Er is een gezamenlijke zoekactie uitgevoerd voor indicatie 1, 2 en 3 (zie noot 10).

 

Gevonden literatuur

Er zijn geen studies gevonden voor indicatie 3.

 

Beschrijving studies

Niet van toepassing: er zijn geen studies gevonden waarin de effectiviteit van oefentherapie is geëvalueerd bij patiënten met een complexe hulpvraag.

 

Effectiviteit en bewijskracht

Niet van toepassing.
 

Van bewijs naar aanbeveling

Bij de formulering van de richting en de sterkte van de aanbeveling voor oefentherapie bij indicatie 1 heeft de werkgroep de volgende aanvullende overwegingen gemaakt. Zie ook het beoordelingsformulier van bewijs naar aanbeveling voor oefentherapie bij indicatie 3 in de bijlage van deze noot.
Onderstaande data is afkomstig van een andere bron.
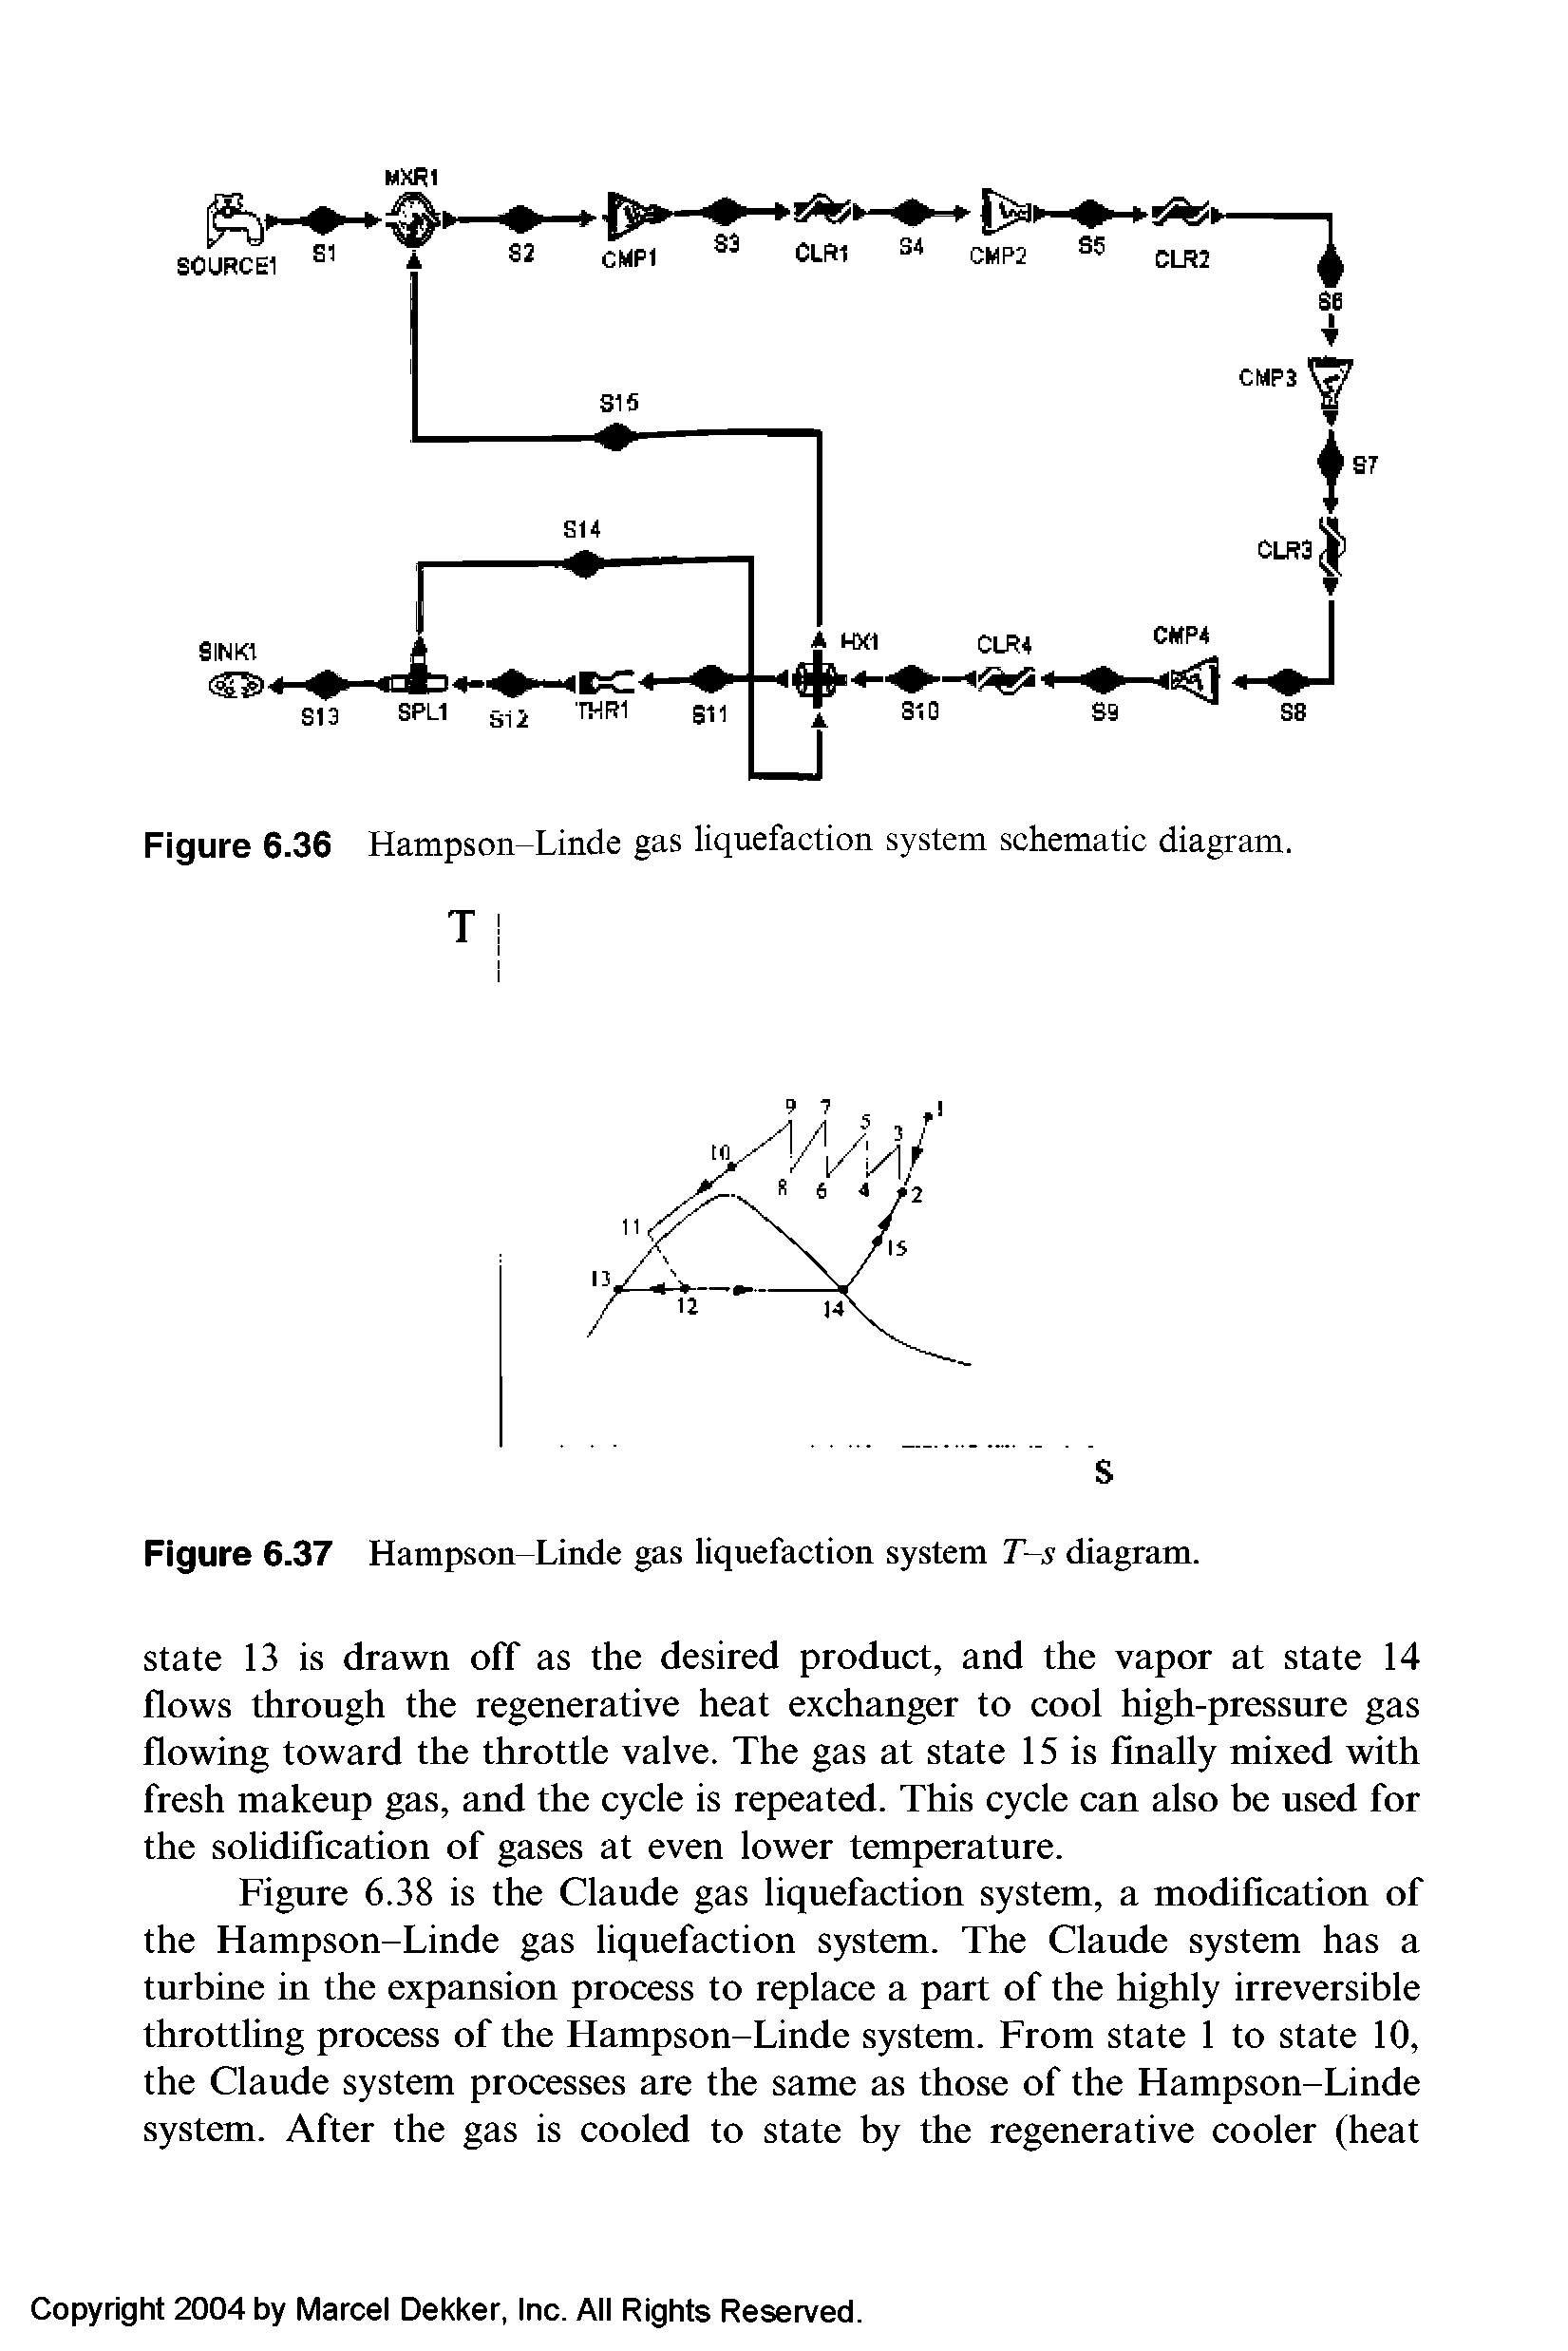 Figure 6.36 Hampson-Linde gas liquefaction system schematic diagram.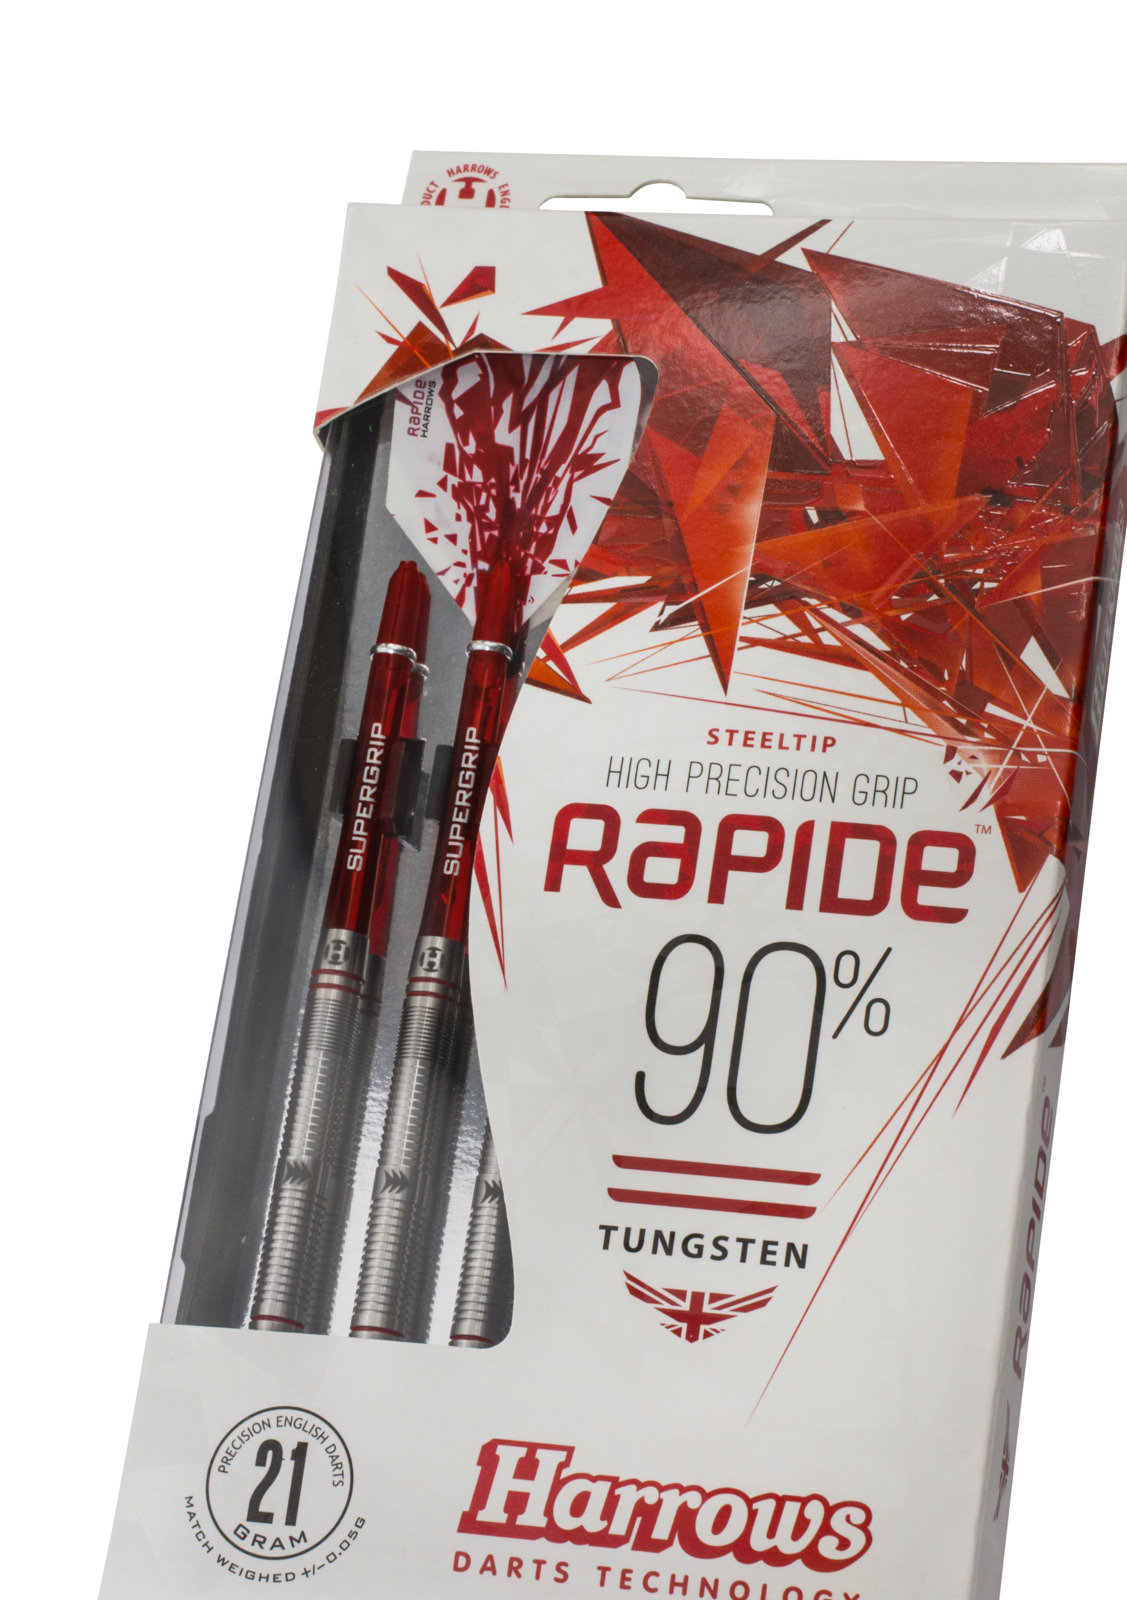 Harrows RAPIDE 90% Tungsten Darts

  • Alhoewel er geen effectschattingen van oefentherapie bij indicatie 3 beschikbaar zijn, schat de werkgroep in dat de gewenste effecten (een verbetering van de kwaliteit van leven, de mate van fysieke activiteit en/of vermoeidheid) van oefentherapie waarschijnlijk zijn en de ongewenste effecten overstijgen (een toename van de pijn, ziekteactiviteit en/of radiologische schade).
  • Welke waarde patiënten aan oefentherapie hechten, zal waarschijnlijk van patiënt tot patiënt verschillen. De werkgroep schat in dat de meerderheid van de patiënten positief staat tegenover oefentherapie, omdat er weinig alternatieven zijn en omdat patiënten oefentherapie eenvoudig kunnen inpassen in hun dagelijks leven.
  • De kosten van de oefentherapie voor de patiënt zijn afhankelijk van de vigerende overheidsbepalingen ten aanzien van ziektekosten (zie Rijksoverheid.nl). De fysiotherapeut heeft weinig tot geen kosten aan de oefentherapie, indien er vanuit wordt gegaan dat de benodigde oefenapparatuur reeds aanwezig is.
  • De implementatie van deze interventie in de dagelijkse praktijk wordt door de werkgroep als aanvaardbaar en haalbaar ingeschat, omdat de interventie als meest aangewezen behandeloptie wordt beschouwd en er geen specifieke middelen voor vereist zijn.